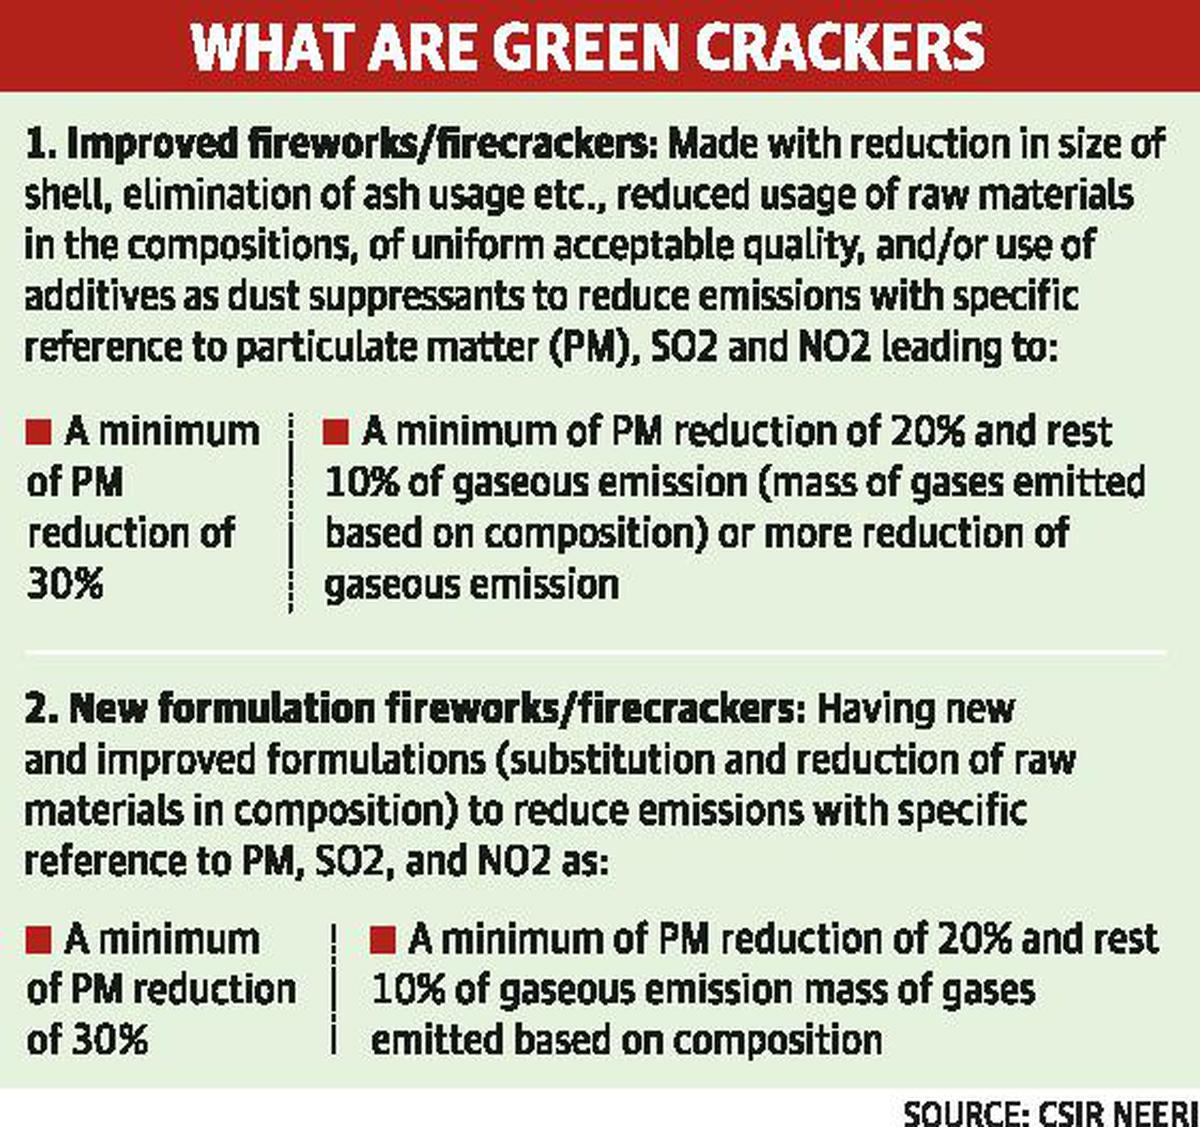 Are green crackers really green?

==

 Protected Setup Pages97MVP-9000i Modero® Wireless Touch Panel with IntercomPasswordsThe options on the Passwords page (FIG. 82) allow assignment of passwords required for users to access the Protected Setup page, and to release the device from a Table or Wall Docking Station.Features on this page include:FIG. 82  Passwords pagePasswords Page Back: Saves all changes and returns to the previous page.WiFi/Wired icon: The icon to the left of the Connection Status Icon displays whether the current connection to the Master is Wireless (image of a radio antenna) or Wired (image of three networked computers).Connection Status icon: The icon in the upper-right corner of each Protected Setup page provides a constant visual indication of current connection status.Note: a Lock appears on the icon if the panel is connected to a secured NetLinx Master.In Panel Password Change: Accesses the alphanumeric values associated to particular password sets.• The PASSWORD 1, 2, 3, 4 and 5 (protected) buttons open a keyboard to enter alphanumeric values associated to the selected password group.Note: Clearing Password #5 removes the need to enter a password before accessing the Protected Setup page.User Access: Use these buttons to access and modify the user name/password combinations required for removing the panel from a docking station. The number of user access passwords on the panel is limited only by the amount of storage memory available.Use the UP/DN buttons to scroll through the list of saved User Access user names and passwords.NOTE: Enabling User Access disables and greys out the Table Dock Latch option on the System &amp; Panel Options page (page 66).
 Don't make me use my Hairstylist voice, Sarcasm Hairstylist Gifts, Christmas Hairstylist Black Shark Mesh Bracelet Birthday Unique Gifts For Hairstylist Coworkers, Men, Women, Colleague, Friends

§ Task requirements
Transcribe the lines above between the line holding "Protected Setup Pages97MVP-9000i" and the line holding "Don't make me", inclusive, exactly as they stand and with nothing added.

§ Response box
 Protected Setup Pages97MVP-9000i Modero® Wireless Touch Panel with IntercomPasswordsThe options on the Passwords page (FIG. 82) allow assignment of passwords required for users to access the Protected Setup page, and to release the device from a Table or Wall Docking Station.Features on this page include:FIG. 82  Passwords pagePasswords Page Back: Saves all changes and returns to the previous page.WiFi/Wired icon: The icon to the left of the Connection Status Icon displays whether the current connection to the Master is Wireless (image of a radio antenna) or Wired (image of three networked computers).Connection Status icon: The icon in the upper-right corner of each Protected Setup page provides a constant visual indication of current connection status.Note: a Lock appears on the icon if the panel is connected to a secured NetLinx Master.In Panel Password Change: Accesses the alphanumeric values associated to particular password sets.• The PASSWORD 1, 2, 3, 4 and 5 (protected) buttons open a keyboard to enter alphanumeric values associated to the selected password group.Note: Clearing Password #5 removes the need to enter a password before accessing the Protected Setup page.User Access: Use these buttons to access and modify the user name/password combinations required for removing the panel from a docking station. The number of user access passwords on the panel is limited only by the amount of storage memory available.Use the UP/DN buttons to scroll through the list of saved User Access user names and passwords.NOTE: Enabling User Access disables and greys out the Table Dock Latch option on the System &amp; Panel Options page (page 66).
 Don't make me use my Hairstylist voice, Sarcasm Hairstylist Gifts, Christmas Hairstylist Black Shark Mesh Bracelet Birthday Unique Gifts For Hairstylist Coworkers, Men, Women, Colleague, Friends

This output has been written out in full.